One to many join in ksqldb- kstream and ktable


I am working on DB CDC to Kafka use case. Initially table A is getting populated with multiple records. After some time (varies from days to weeks) Table B is getting populated with single record. Both table has joining columns request_id.

I am creating KTable on TableA to hold data until TableB is populated. And Planning to join TableB KStream with TableA KTable.

How can I join KStream one record with KTable multiple records?

@masayyed you’ve posted this in #ksqldb , but mention KStreams and KTables - can you just confirm if you’re looking for an answer in Kafka Streams or with ksqlDB? thanks :slight_smile:

I am looking answer in ksqlDB.

What do you mean by TableB KStream – as you do CDC, it seems you want to read the data from TableB as a table. Why do you want to read it as a stream?

Also, for a stream-table join, each stream-input record may result in at most one output records.

@masayyed Sounds like what you want to do is a normal stream to table join, where your CDC table A goes to Topic A, and your table B goes to Topic B. You would want to stream your data via CDC (Debezium?) into your two Kafka topics, then create a Table in KSQLDB over Topic A and a Stream over Topic B. Then use a stream to table join which is neatly documented over here: Join Event Streams . Take note of the partitioning requirements for your topics.

@Charlla Thanks for the reply. I Am using third party tool on Oracle database for CDC.
As I mentioned Table A has multiple records for same request_id and Table B has single record.
How can I achieve 1 (kstream-topicB) to many (ktable-topicA) join ?

I guess it depends.

If the join attribute is the key in TableB, you could mimic the join with a stream-table join by processing the changelog of TableA as STREAM, and processing TableB as TABLE.

Otherwise, you cannot do the join atm with ksqlDB, because non-key FK table-table joins are not supported yet.
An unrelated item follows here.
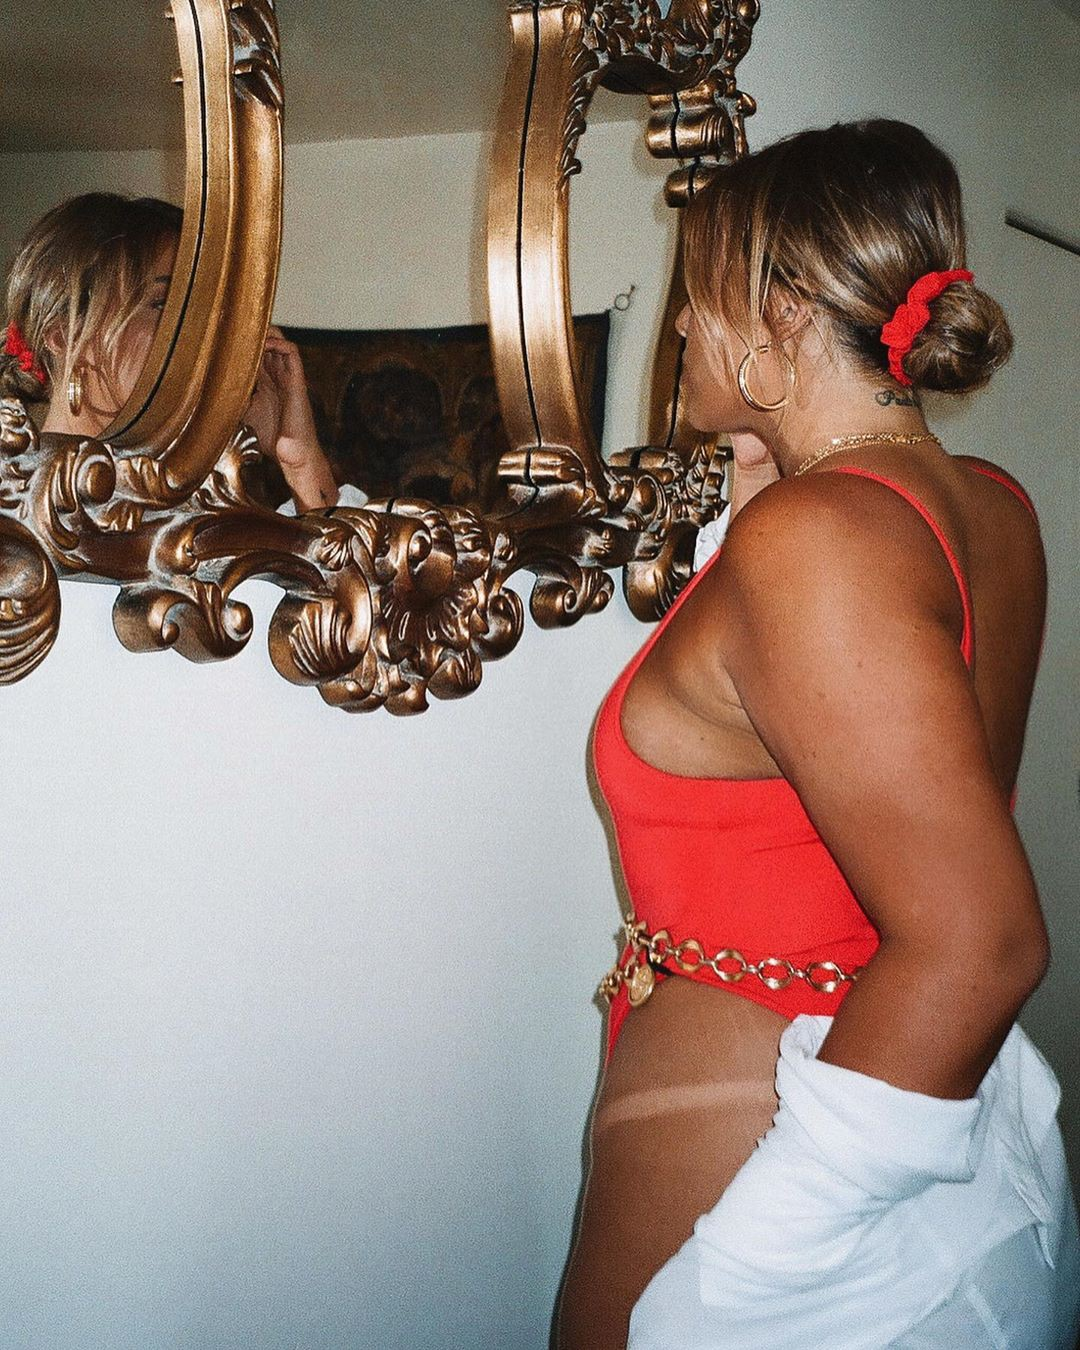 Stephanie Viada hot instagram photo, dress fashion accessory colour dress

There is a ticket for it though: Support non-key joins. · Issue #4424 · confluentinc/ksql · GitHub

1 Like

As mentioned in given link Support non-key joins. #4424, I have fixed my issue by using collect_set.
But I think we need non-key join support to fix this issue properly.

1 Like

This topic was automatically closed 7 days after the last reply. New replies are no longer allowed.